**** Source material ****

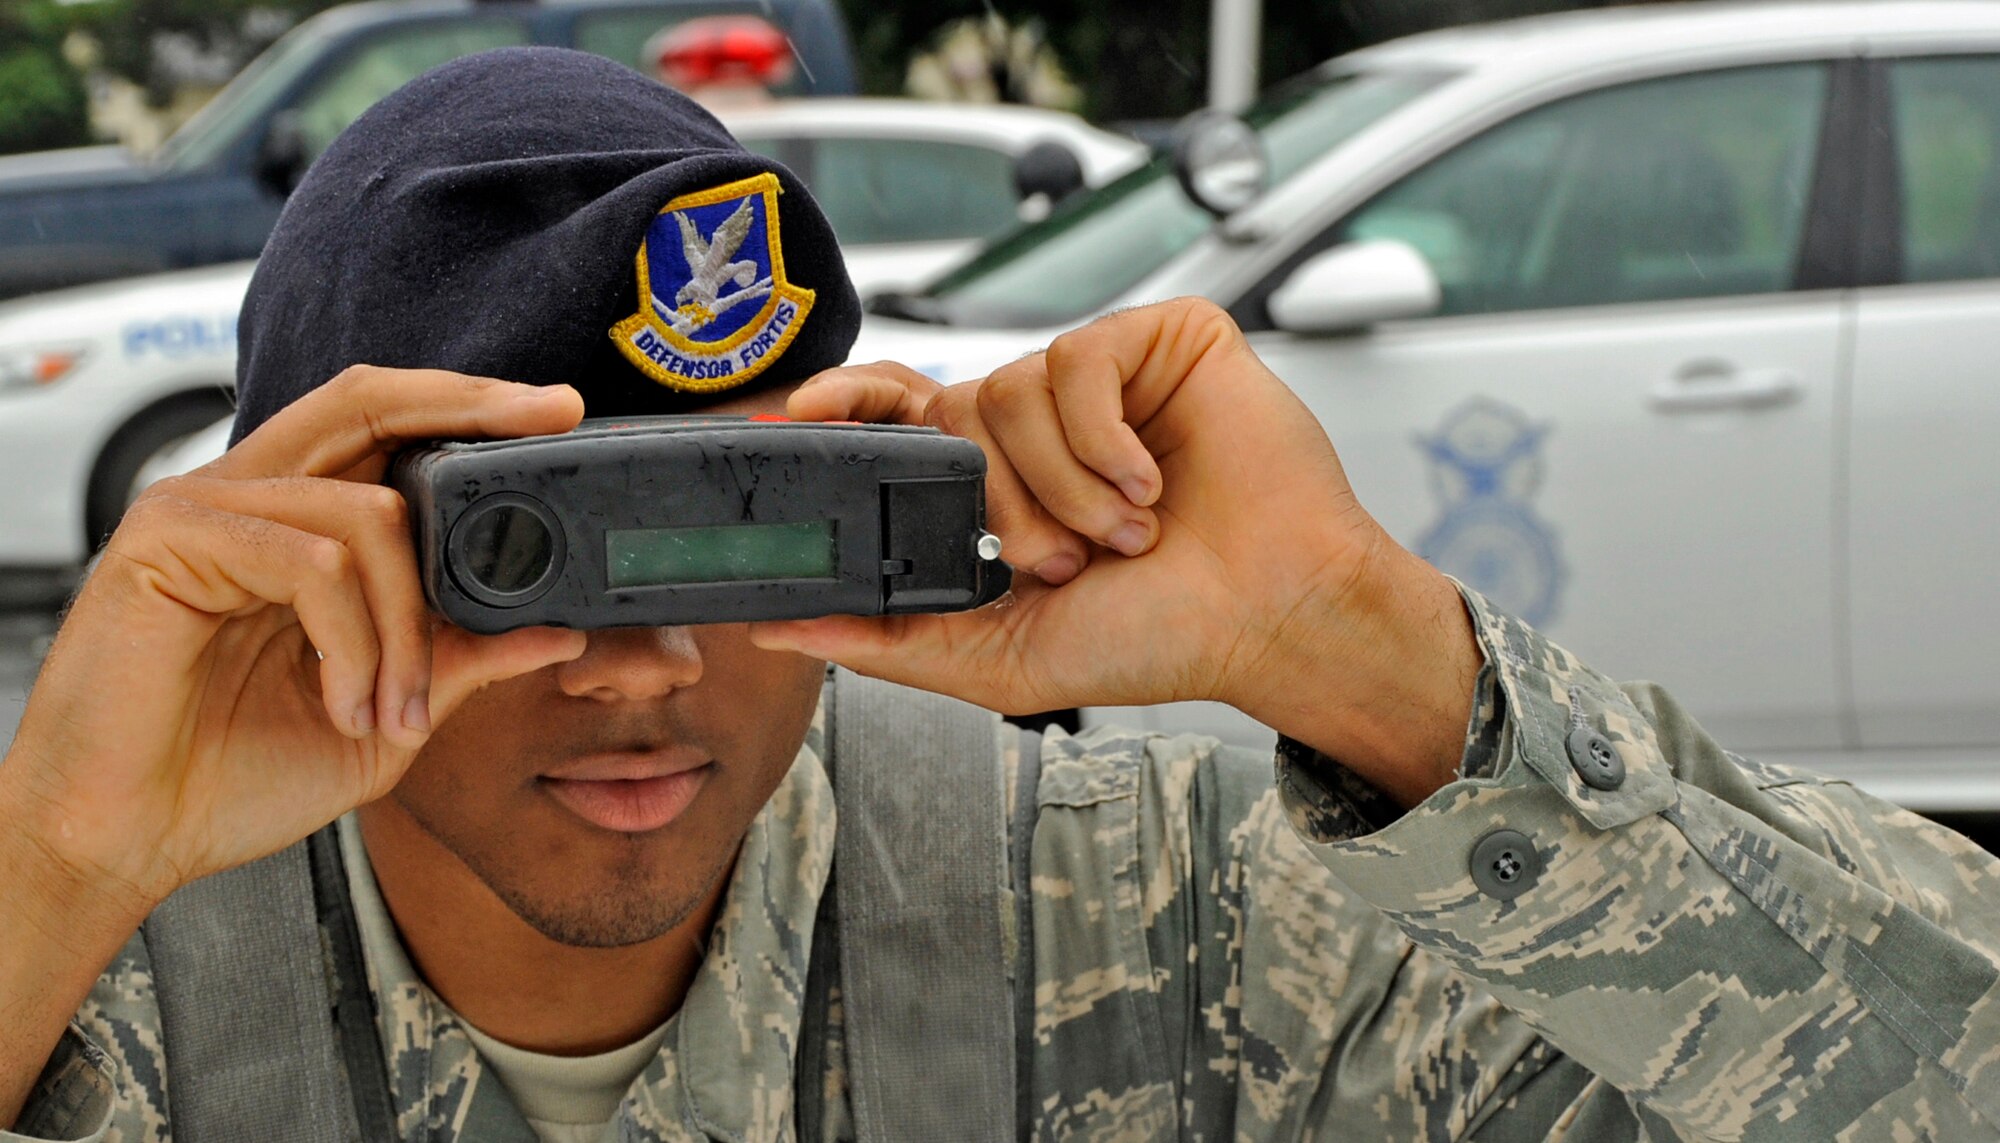 U.S. Air Force Airman 1st Class Adrian Isom, 35th Security Forces Squadron basic force protection, simulates using a Lidar to measure how fast cars are going at Misawa Air Base, Japan, July 11, 2013. If caught speeding the police take points from your license as a penalty. 33 kilometers per hour -and over the speed limit you lose 6 points and get your license revoked for a year. (U.S. Air Force photo by Airman 1st Class Kenna Jackson)
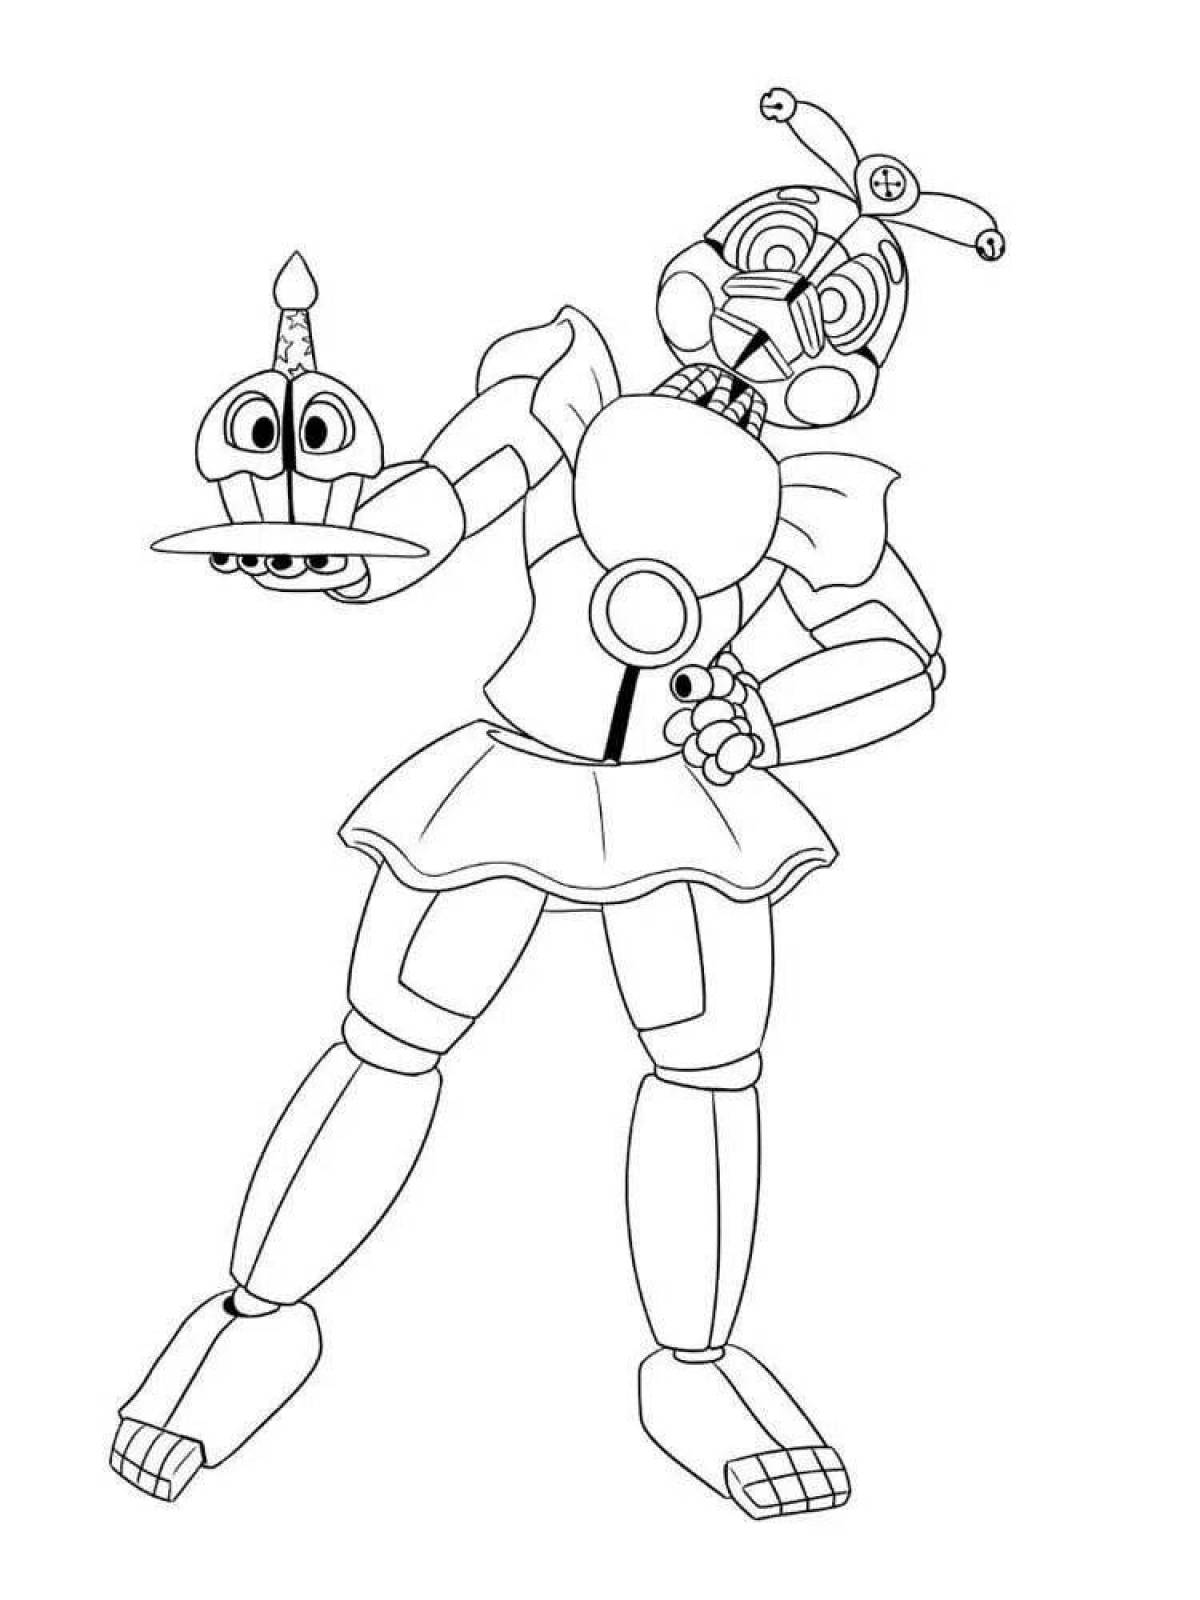 Coloring funny toy chica
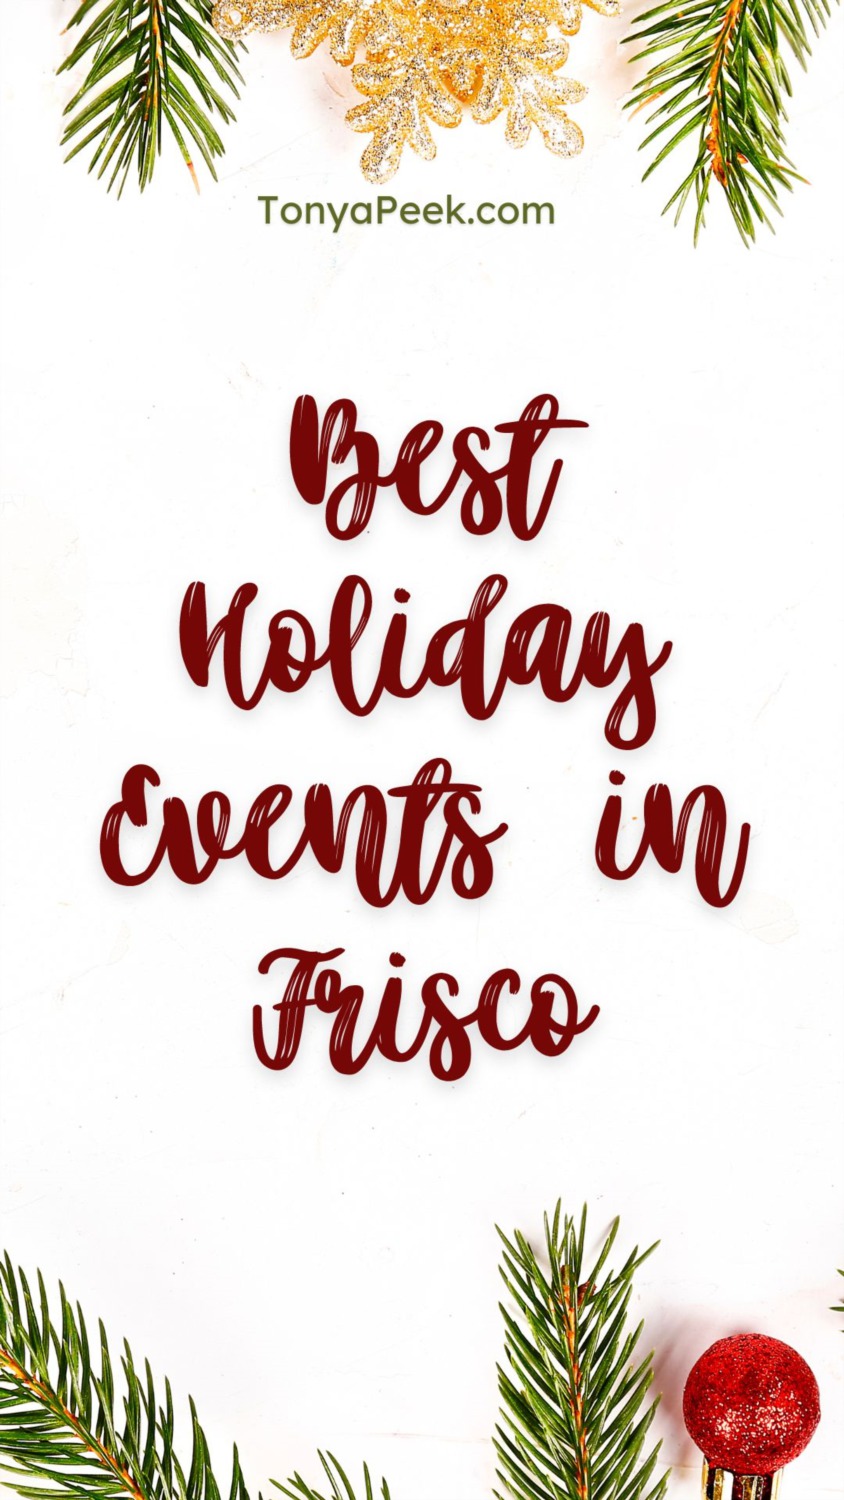 Best Holiday Events in Frisco, Texas

****

Your assignment:
Print out the material verbatim, skipping pictures.

Exercise response:
 U.S. Air Force Airman 1st Class Adrian Isom, 35th Security Forces Squadron basic force protection, simulates using a Lidar to measure how fast cars are going at Misawa Air Base, Japan, July 11, 2013. If caught speeding the police take points from your license as a penalty. 33 kilometers per hour -and over the speed limit you lose 6 points and get your license revoked for a year. (U.S. Air Force photo by Airman 1st Class Kenna Jackson)
 Coloring funny toy chica
 Best Holiday Events in Frisco, Texas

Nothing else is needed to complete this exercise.